Write every line of the material again exactly, with no pictures in the copy.

__DATA SECTION__
※

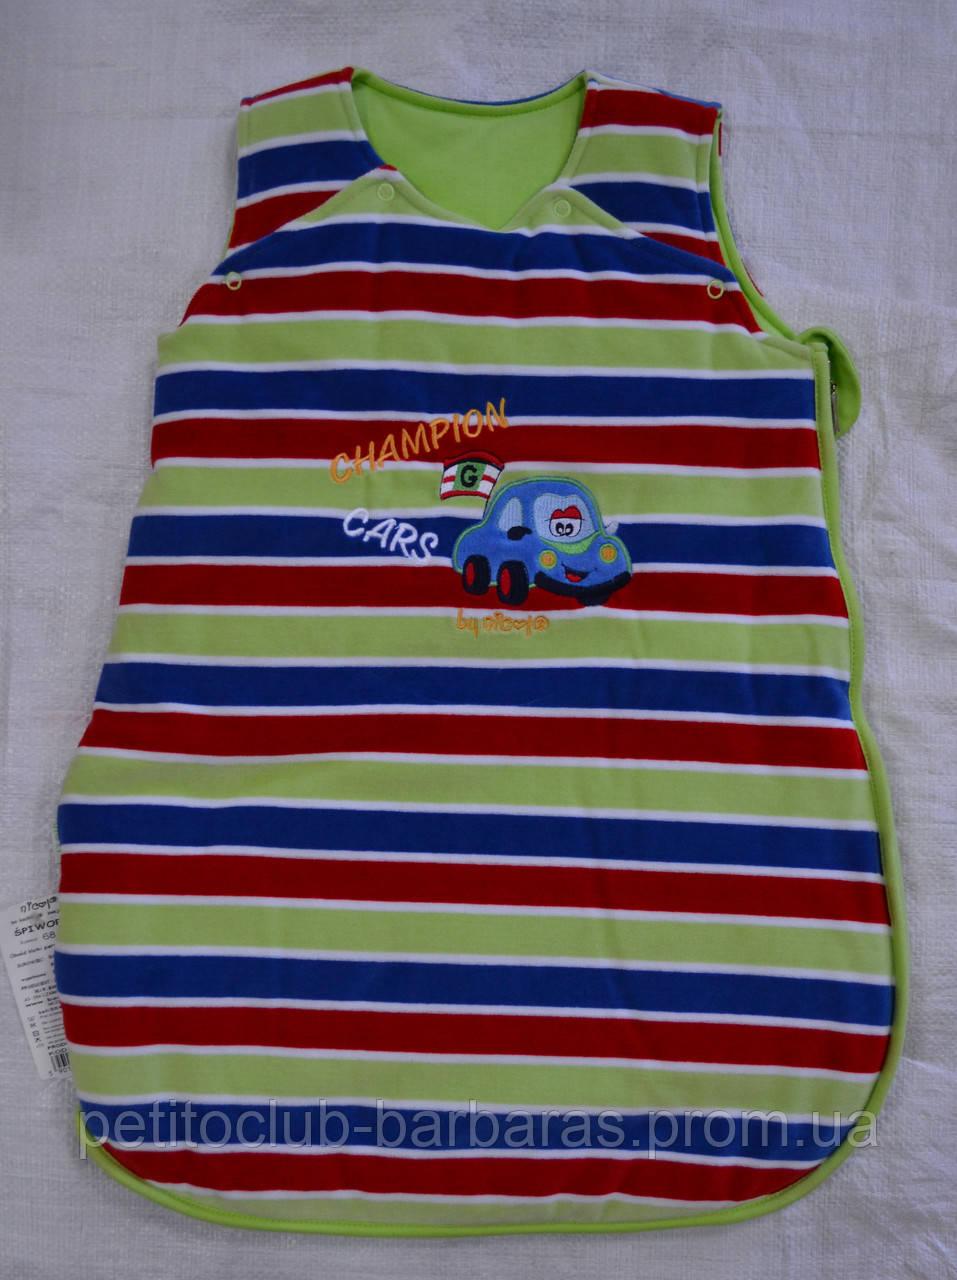 Спальный мешок Champion Cars для мальчика (Nicol, Польша)
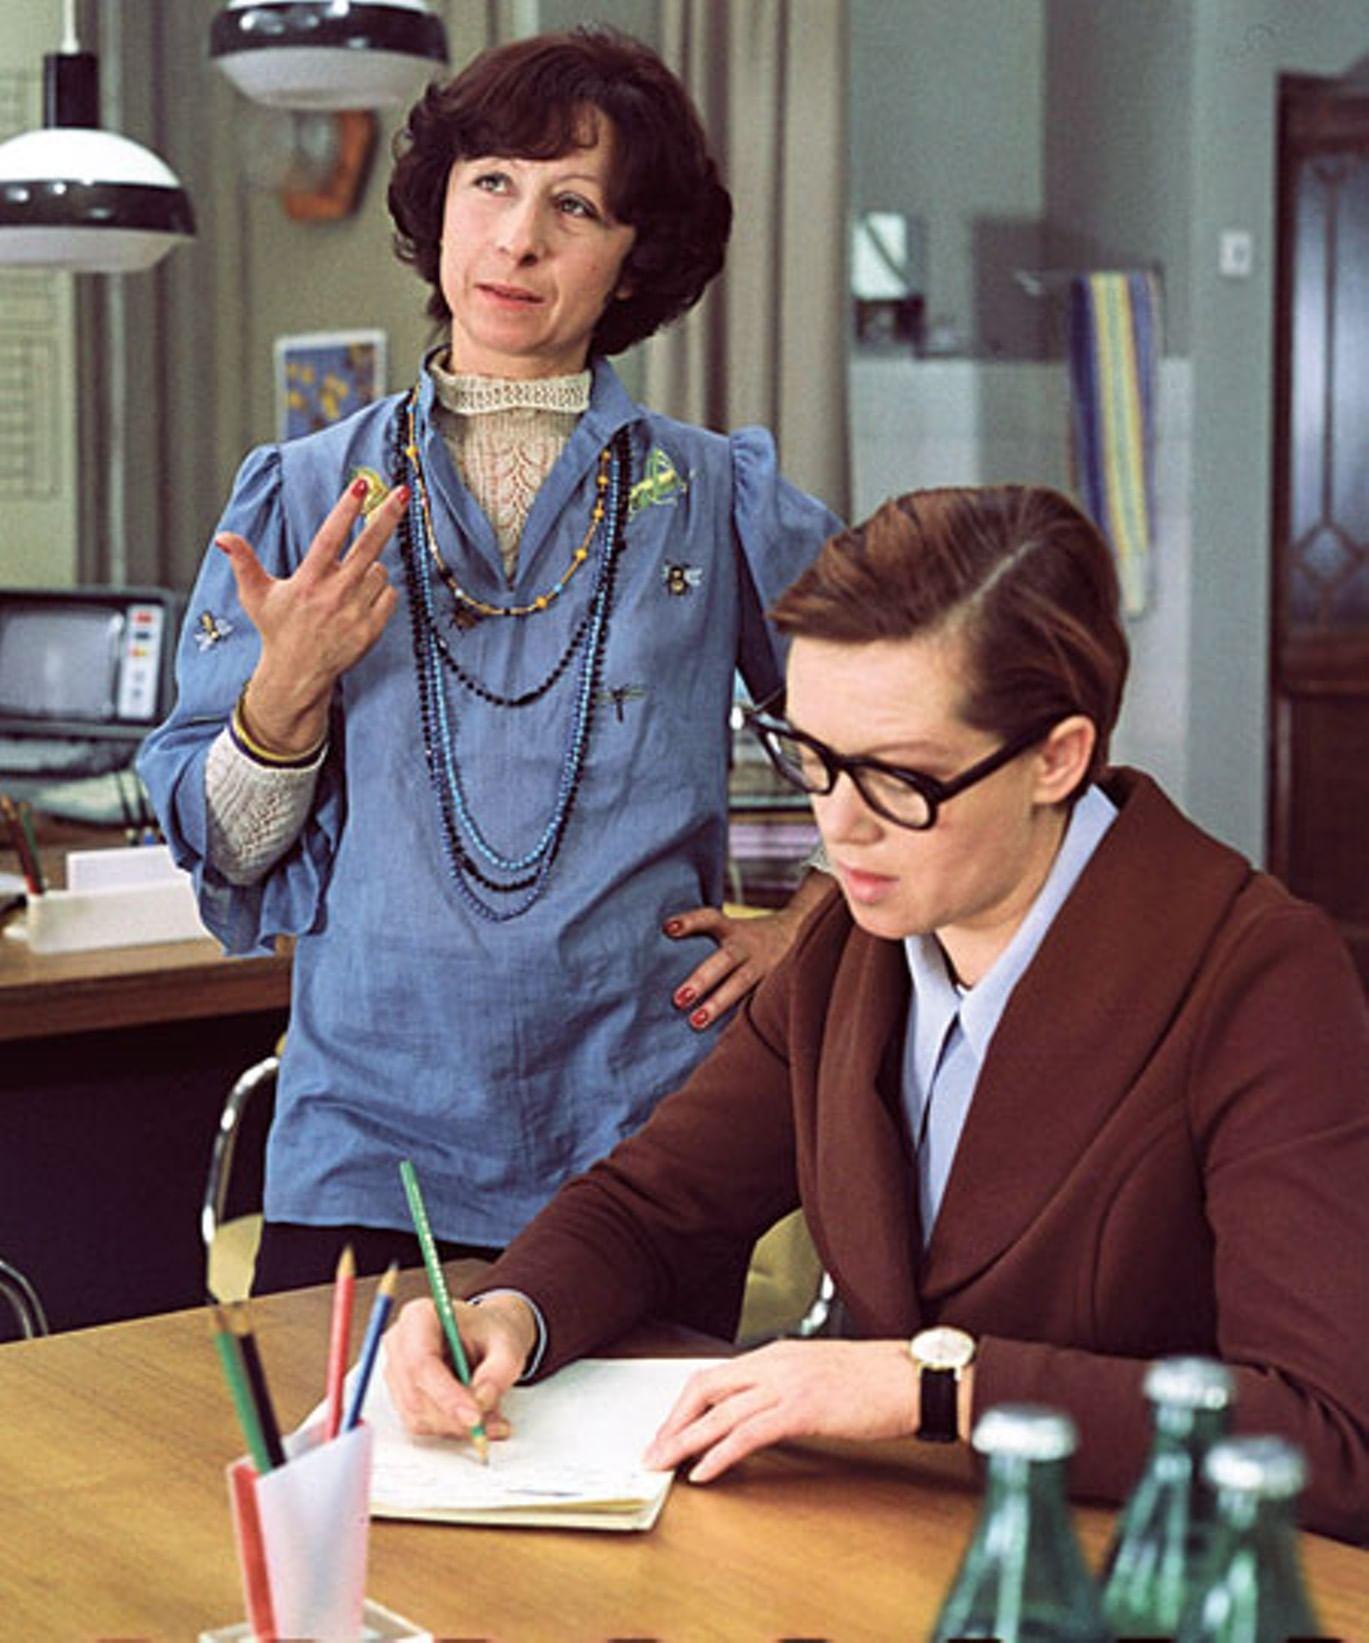 Смотреть начальник и секретарь — img 4
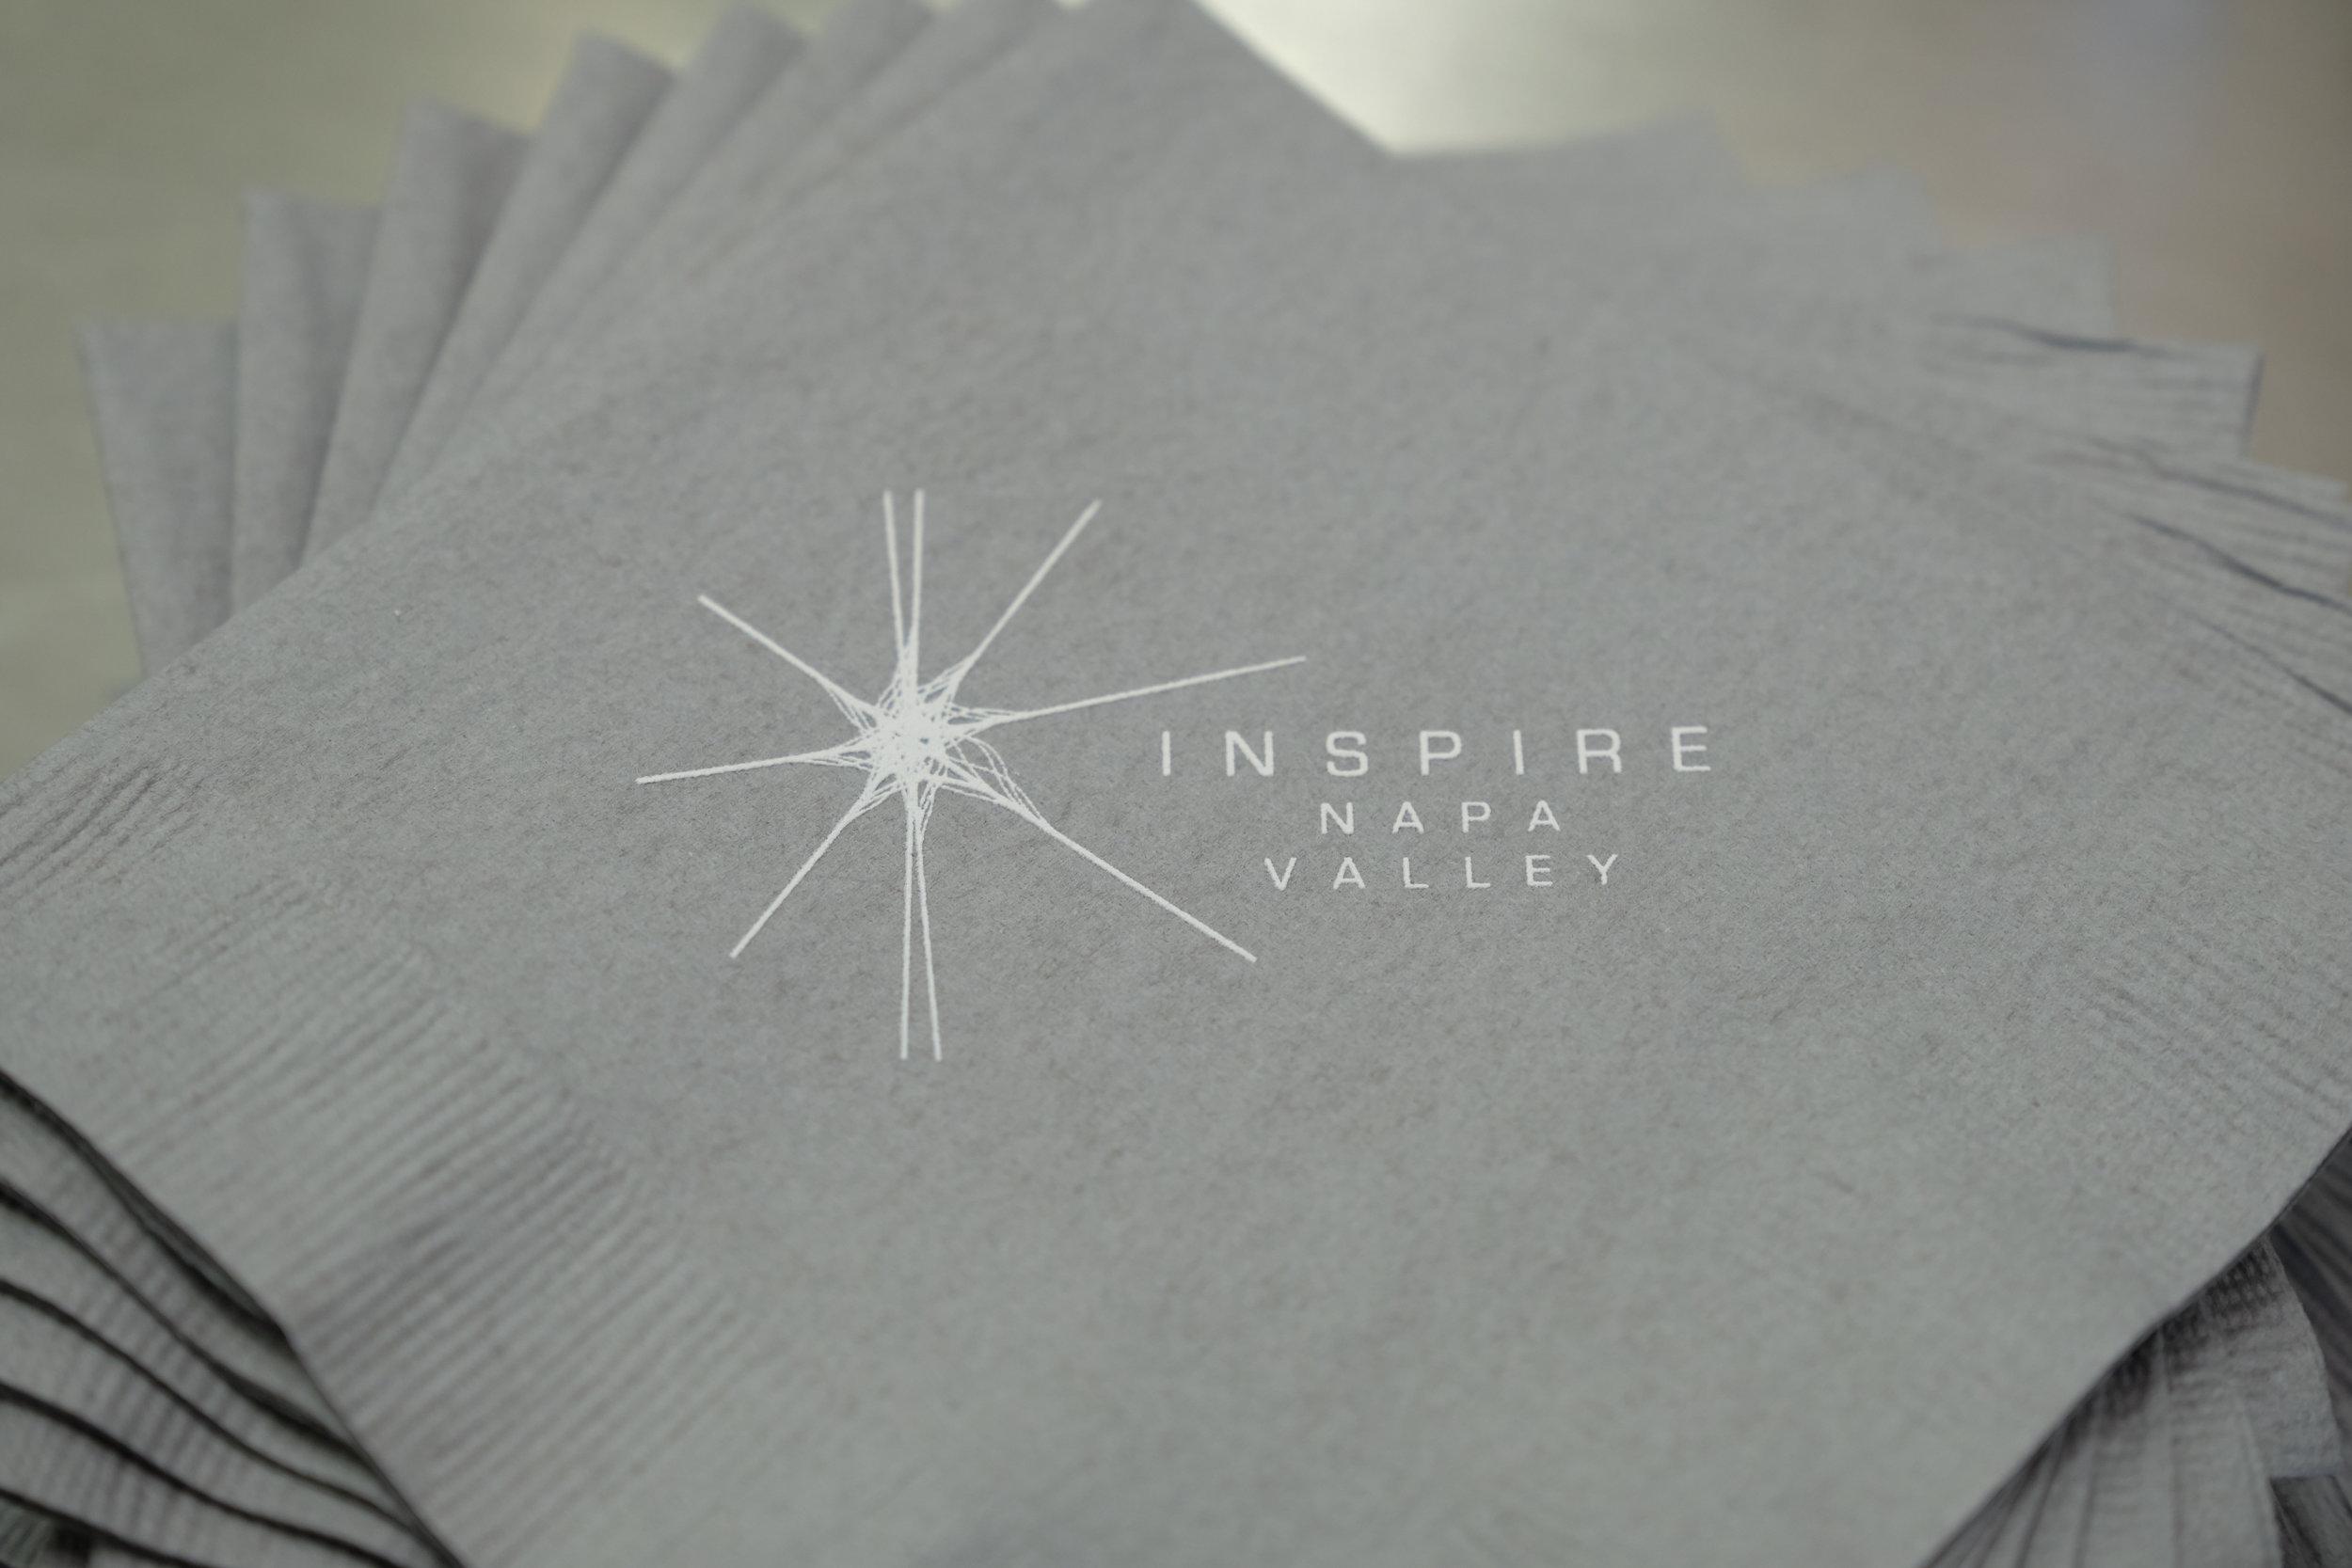 Inspire-DSCF5524.jpg
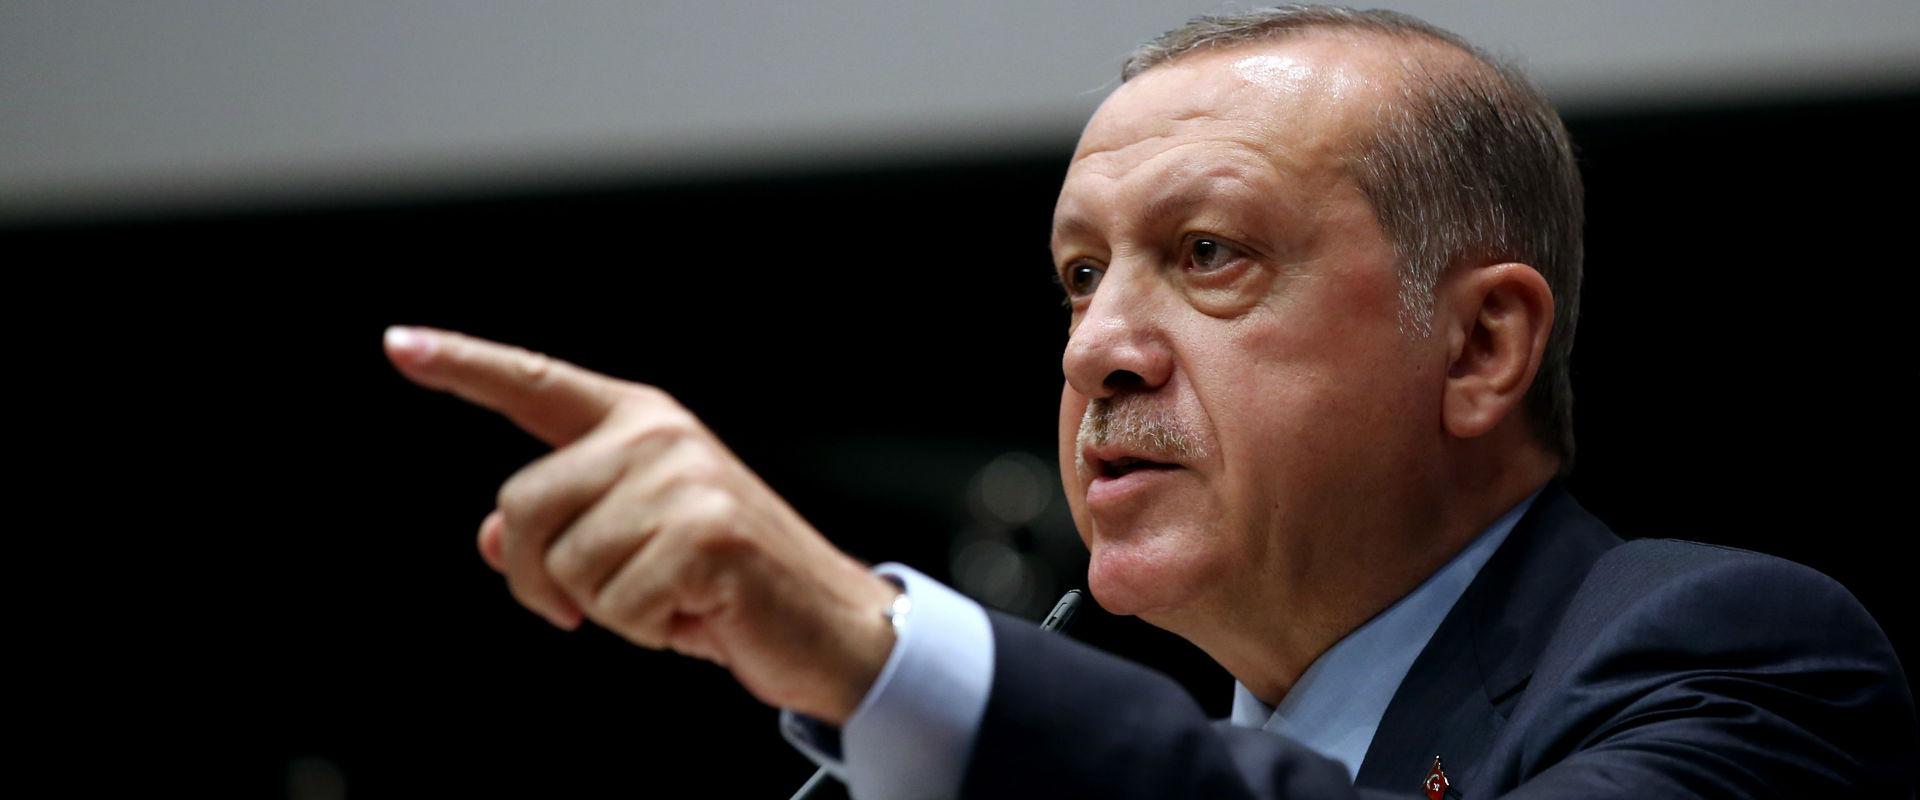 נשיא טורקיה רג'פ טייפ ארדואן

※

__ANSWER TO THE PROBLEM__
 Спальный мешок Champion Cars для мальчика (Nicol, Польша)
 Смотреть начальник и секретарь — img 4
 Inspire-DSCF5524.jpg
 נשיא טורקיה רג'פ טייפ ארדואן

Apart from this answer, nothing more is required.